A bowlhead/spoon with a hole NOT at the bottom like regular bowlheads/spoon, but holes lining the inner rim of the bowlhead/spoon. Then heat up a glass rod and apply it to the hash at the bottom of your spoon/bowlhead. Inhale like regular. 

Ti/quarts nails in a dome is nice too. 

Ti plates with a dome rig is nice too


----------



## Ptrickl9 (Jan 14, 2012)

Just finished harvesting yesterday now i got about 1-2 grams drying...gonna make myself a milkshake.


----------



## Swisher Twister (Mar 9, 2013)

Super old thread but had to add my two cents, I use a combination of the above methods... Using a bong, small glass cup like a rocks glass or cocktail glass, and knives heated by a propane torch or the stove.
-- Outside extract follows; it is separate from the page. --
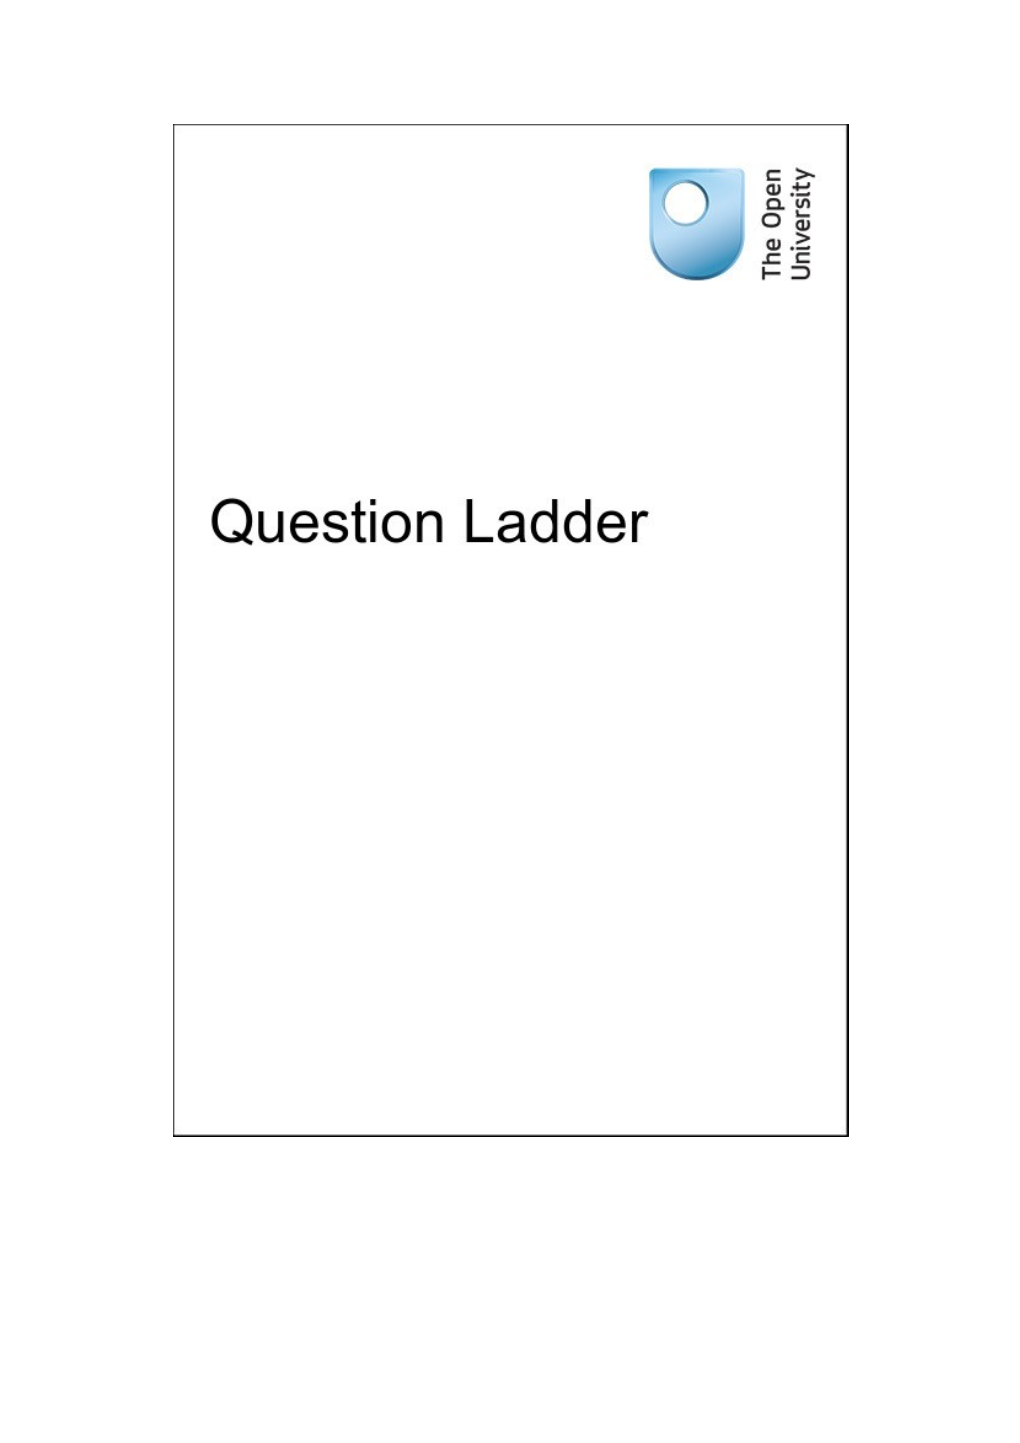 DIY-Learn-Question-Ladderdiylearn

I load my ball of hash on the knives, then use the rocks glass as a ghetto bell to catch the hash smoke while holding the cup right above where my downstem comes out of the bong.... and take a faaaaat rip. it allows it to basically be a ghetto version of dabbing. It's really the cheapest way to legitly rip has, perculated and what-not, and everyone has a glass and old knives to contribute to the cause!


----------



## nalaeyak (Jul 25, 2013)

I just got some hash - haven't had any in years. I have a volcano vap but don't use it much any more for weed...makes me cough. So what u r suggesting is just take a little piece and fill a vap bag? Is that better than smoking it with weed? Thx


----------



## beuffer420 (Jul 25, 2013)

nalaeyak said:


> I just got some hash - haven't had any in years. I have a volcano vap but don't use it much any more for weed...makes me cough. So what u r suggesting is just take a little piece and fill a vap bag? Is that better than smoking it with weed? Thx


I vape hash occasionally, I get real tired though for some reason when I vape vs smoking it though


----------



## Dibbsey (Jul 26, 2013)

I either flatten a little piece and put it on top of each of my bowls, or heat up the hash on a pin a bit, break it up into some tobacco then roll one up. Iv'e done the milkshake method in the past and it can be a hassle and take more time but you can take huge hits and get so ripped.


----------



## acapolcogold (Sep 8, 2013)

take a pop bottle, gatorade anything with a screw lid, then take a pin/paperclip and make an L shape with it. Heat it up so that you can force the longer straight piece of the L through the plastic cap all the way until the corner stops it. Then burn a hole in the bottom of the bottle so that you can hold your finger over it and inhale from it. Now take a piece of hash put it on the end of the pin light it, screw cap onto bottle just till it seals. wait for the smoke to build up, unscrew slightly then suck in through the hole. clear smoke tighten and repeat awesome way that doesnt waste any smoke (dont let it build up to long or smoke with go a bit stale)


----------



## Ilovebush (Sep 8, 2013)

Hot knives...heat two knives over your oven and place a flattened piece of black between the knives. U can use a paper towel roll to inhale the smoke...ghetto yes but it works great.


----------



## chukdaddy (Oct 20, 2013)

around montreal we smoke it with a bottle; 

make a small hole like 3/4 at least down the bottle for a place to put your rig 
make it into a small ball, try to flatten it a little
put the hash on a lit cigarette (try to blow off the ash) 
put your rig in the bottle with the hash beat on it 
wait till your hash stops pissing, take the cap off and hit that motherfucker


----------



## Wakin Bacon (Dec 2, 2013)

I know it's a bit old, but I use to work at a bar and I would stick a large sewing needle through a bar coaster. Ball up a piece of hash and stick it to the tip of the needle. Light it on fire, but blow the flame out after a second. Trap the smoke with a clear cup and clear it when gets full. Then I would go back to work. Aaaaaaah the good ole days.


----------



## BWG707 (Dec 2, 2013)

BudsMckenzie said:


> try a milkshake
> get a big pilsner glass, a paperclip, straw, and a tiny ball of hash
> 
> turn glass upsidedown on a counter or table leaving a bit off the edge
> ...


We used to do that in the '70's but we tore the back of a pack of matches, folded it in half to make the shape of a roof ^, then stuck a pen in the middle. We would light the piece of hash on the pin, put the glass over it, let it fill up then slide it to the edge of the table and suck the smoke out. Sometimes you can get the matchbook to spin when you suck the smoke out. That was back in the days when everything about getting high was all fun and games.


----------



## churchhaze (Dec 4, 2013)

Put the 60mg of hash in a pipe with a pipe screen and smoke it.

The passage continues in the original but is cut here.